What to work on:
Starting at the line that contains "Google fecha temporariamente", repeat each line of the listing below through the last one, exactly, and leave out every picture.

Data section:
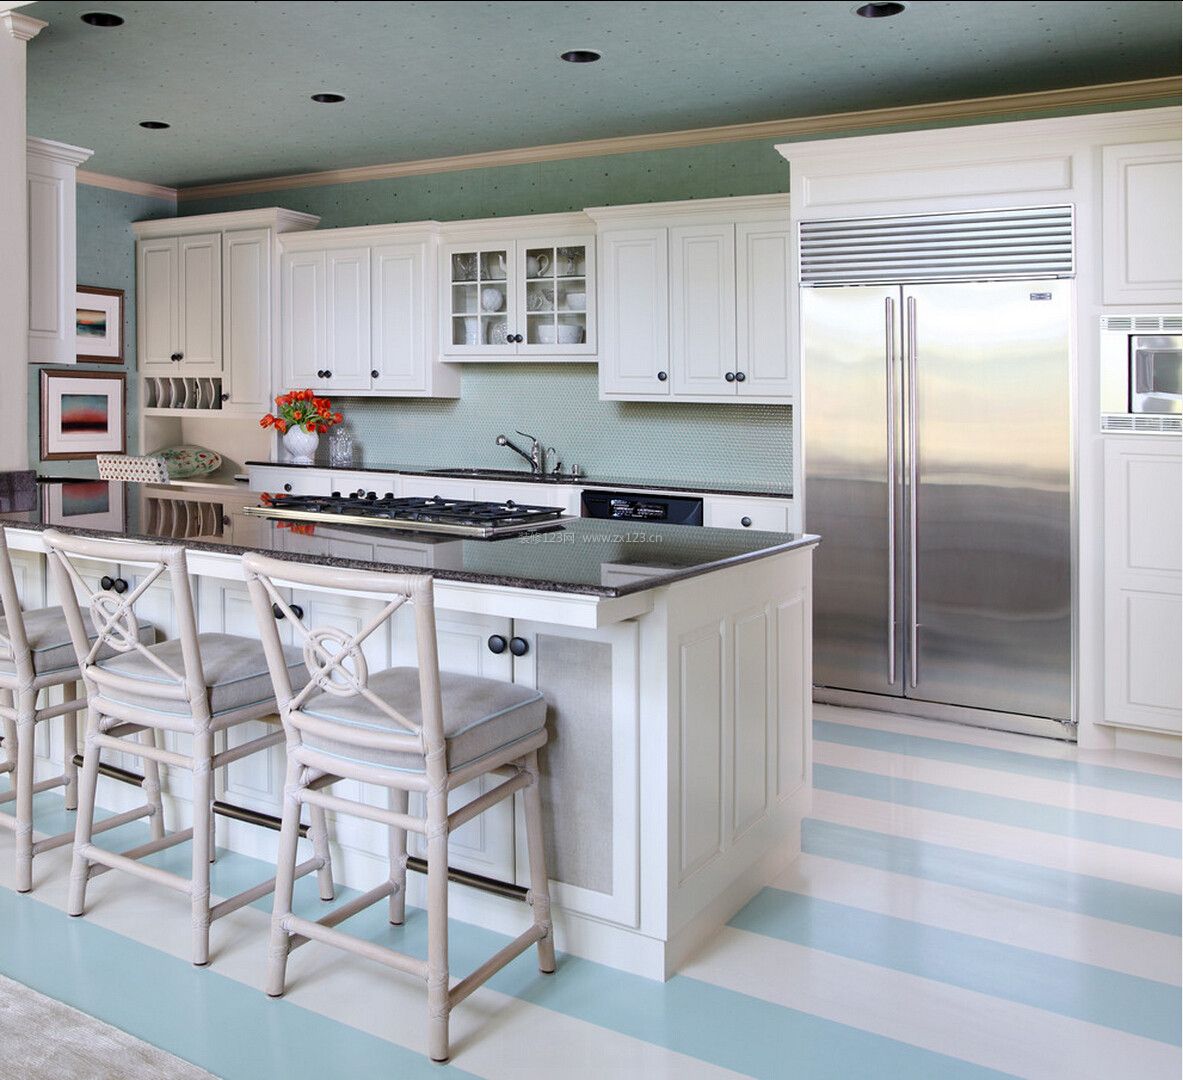 小户型开放式厨房吧台设计装修效果图片
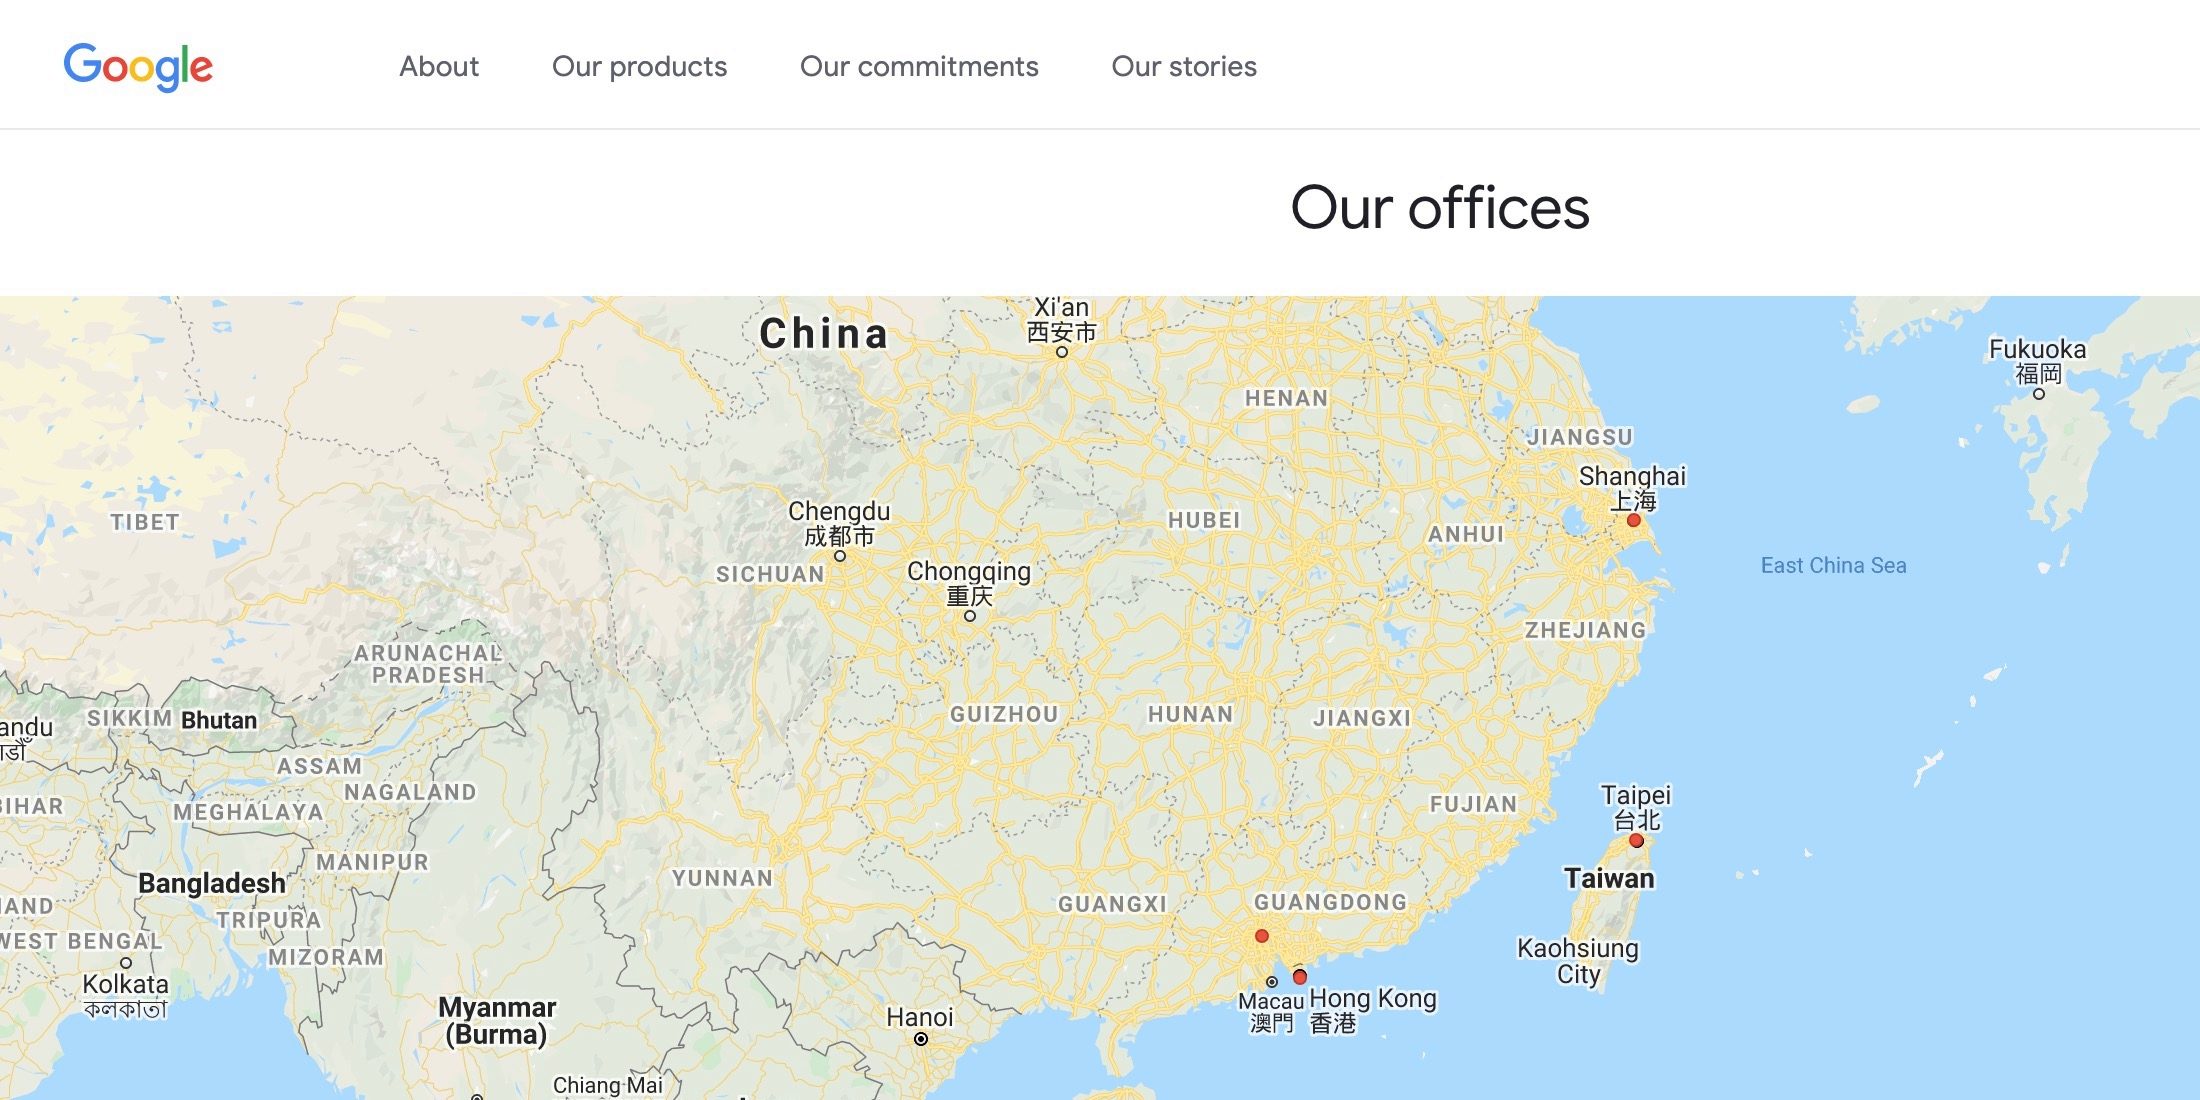 Google fecha temporariamente escritórios na China, Hong Kong e Taiwan devido a coronavírus
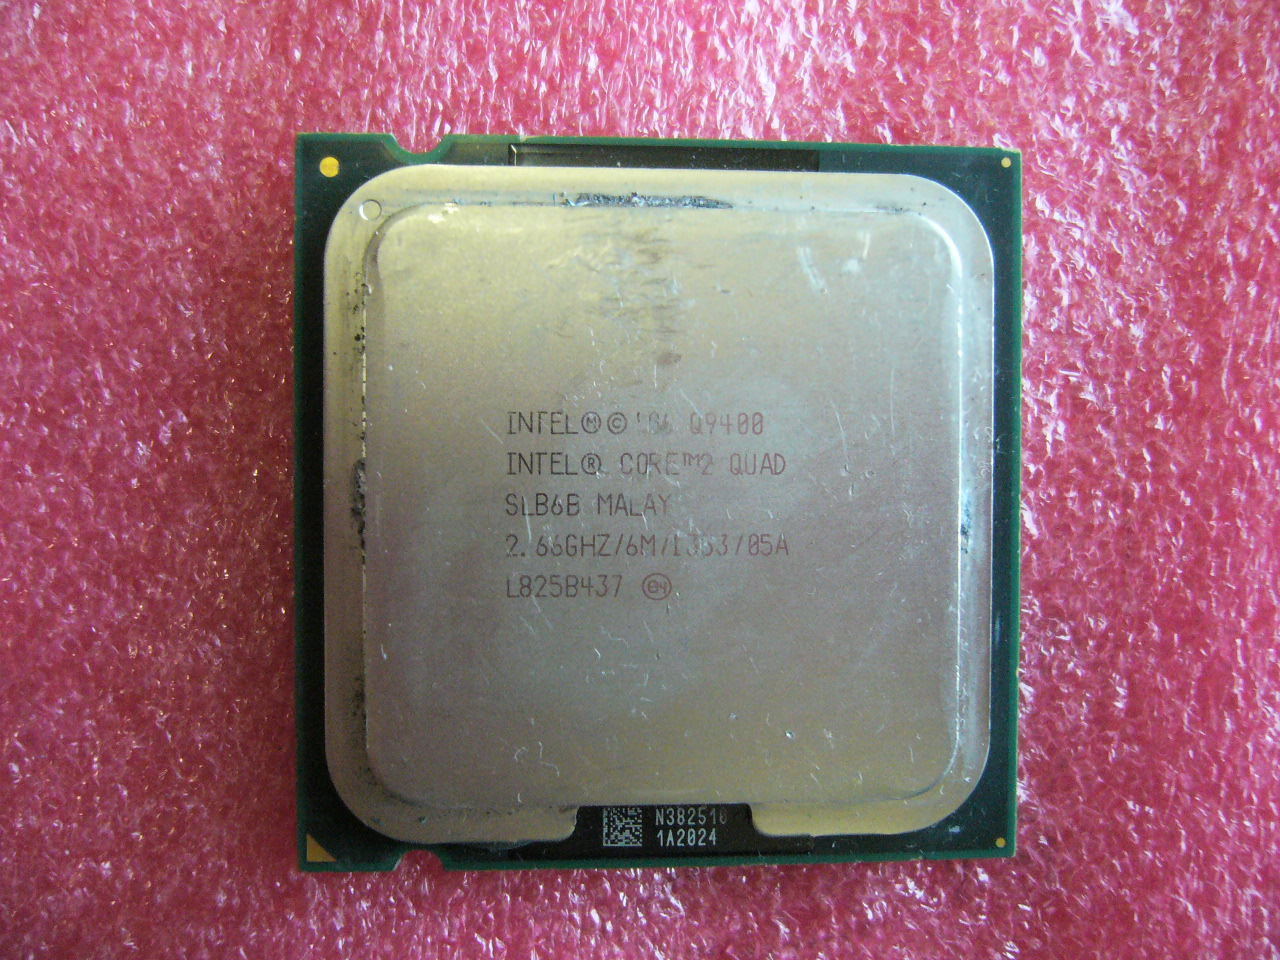 QTY 1x INTEL Quad Cores Q9400 CPU 2.66GHz/6MB/1333Mhz LGA775 SLB6B - zum Schließen ins Bild klicken

Result of the task:
 Google fecha temporariamente escritórios na China, Hong Kong e Taiwan devido a coronavírus
 QTY 1x INTEL Quad Cores Q9400 CPU 2.66GHz/6MB/1333Mhz LGA775 SLB6B - zum Schließen ins Bild klicken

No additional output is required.